0. Optional additional walk through for downloading and preprocessing an example data:

Download-test-data

Preprocessing

Outlier_removal

Background_generation

1. Train a model!

Before we start training, we need to compile a json file that contains information about the input data. We will call this file input_data.json. Here is a sample json file that shows how to specify the input data information for the data. The data is organized into tasks and tracks. In this example we have one task and two tracks, the plus and the minus strand. Each task has 4 required keys, with values corresponding to tracks calculated in the preprocessing steps:

signal: the plus and minus bigwig tracks

loci: the bed file with the filtered peaks

background_loci (optional): the bed file with gc-matched background regions (source), and the ratio of positive-to-negative regions used when generating the gc-matched negatives file, expressed as a decimal (ratio)

bias (optional): the plus and minus control bigwig tracks

Note that the input_data.json file is used for multiple downstream steps.

{ "0": { "signal": { "source": ["ENCSR000EGM/data/plus.bw", "ENCSR000EGM/data/minus.bw"] }, "loci": { "source": ["ENCSR000EGM/data/peaks_inliers.bed"] }, "background_loci": { "source": ["ENCSR000EGM/data/gc_negatives.bed"], "ratio": [0.33] }, "bias": { "source": ["ENCSR000EGM/data/control_plus.bw", "ENCSR000EGM/data/control_minus.bw"], "smoothing": [null, null] } } }

Additionally, we need a json file to specify parameters for the BPNet architecture. Let's call this json file bpnet_params.json

{ "input_len": 2114, "output_profile_len": 1000, "motif_module_params": { "filters": [64], "kernel_sizes": [21], "padding": "valid" }, "syntax_module_params": { "num_dilation_layers": 8, "filters": 64, "kernel_size": 3, "padding": "valid", "pre_activation_residual_unit": true }, "profile_head_params": { "filters": 1, "kernel_size": 75, "padding": "valid" }, "counts_head_params": { "units": [1], "dropouts": [0.0], "activations": ["linear"] }, "profile_bias_module_params": { "kernel_sizes": [1] }, "counts_bias_module_params": { }, "use_attribution_prior": false, "attribution_prior_params": { "frequency_limit": 150, "limit_softness": 0.2, "grad_smooth_sigma": 3, "profile_grad_loss_weight": 200, "counts_grad_loss_weight": 100 }, "loss_weights": [1, 42], "counts_loss": "MSE" }

The loss_weights field has two values: the profile loss weight and the counts loss weight. Profile loss weight is always set to 1. Optimal counts loss weight can be automatically generated using the following command:

bpnet-counts-loss-weight --input-data input_data.json

Finally, we will make the splits.json file, which contains information about the chromosomes that are used for validation and test. Here is a sample that contains one split.
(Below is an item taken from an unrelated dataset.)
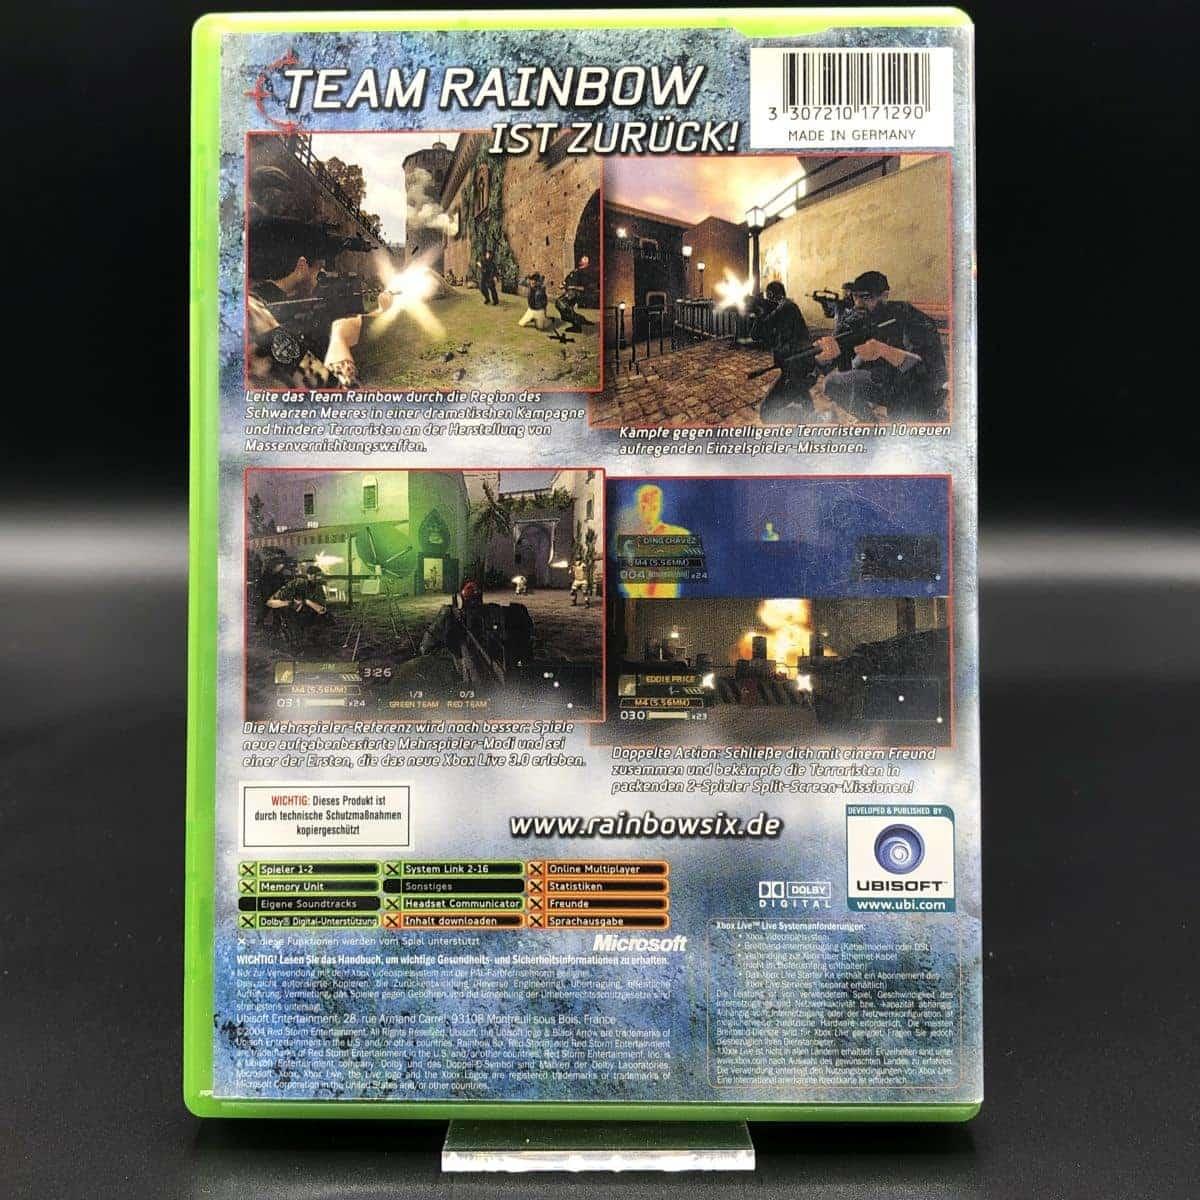 XBC Tom Clancy's Rainbow Six 3: Black Arrow (Komplett) (Gut) Microsoft Xbox Classic

{ "0": { "test": ["chr7", "chr13", "chr17", "chr19", "chr21", "chrX"], "val": ["chr10", "chr18"], "train": ["chr1", "chr2", "chr3", "chr4", "chr5", "chr6", "chr8", "chr9", "chr11", "chr12", "chr14", "chr15", "chr16", "chr21", "chr22", "chrY"] } }

Now that we have our data prepped, we can train our first model!!

The command to train a model is called bpnet-train.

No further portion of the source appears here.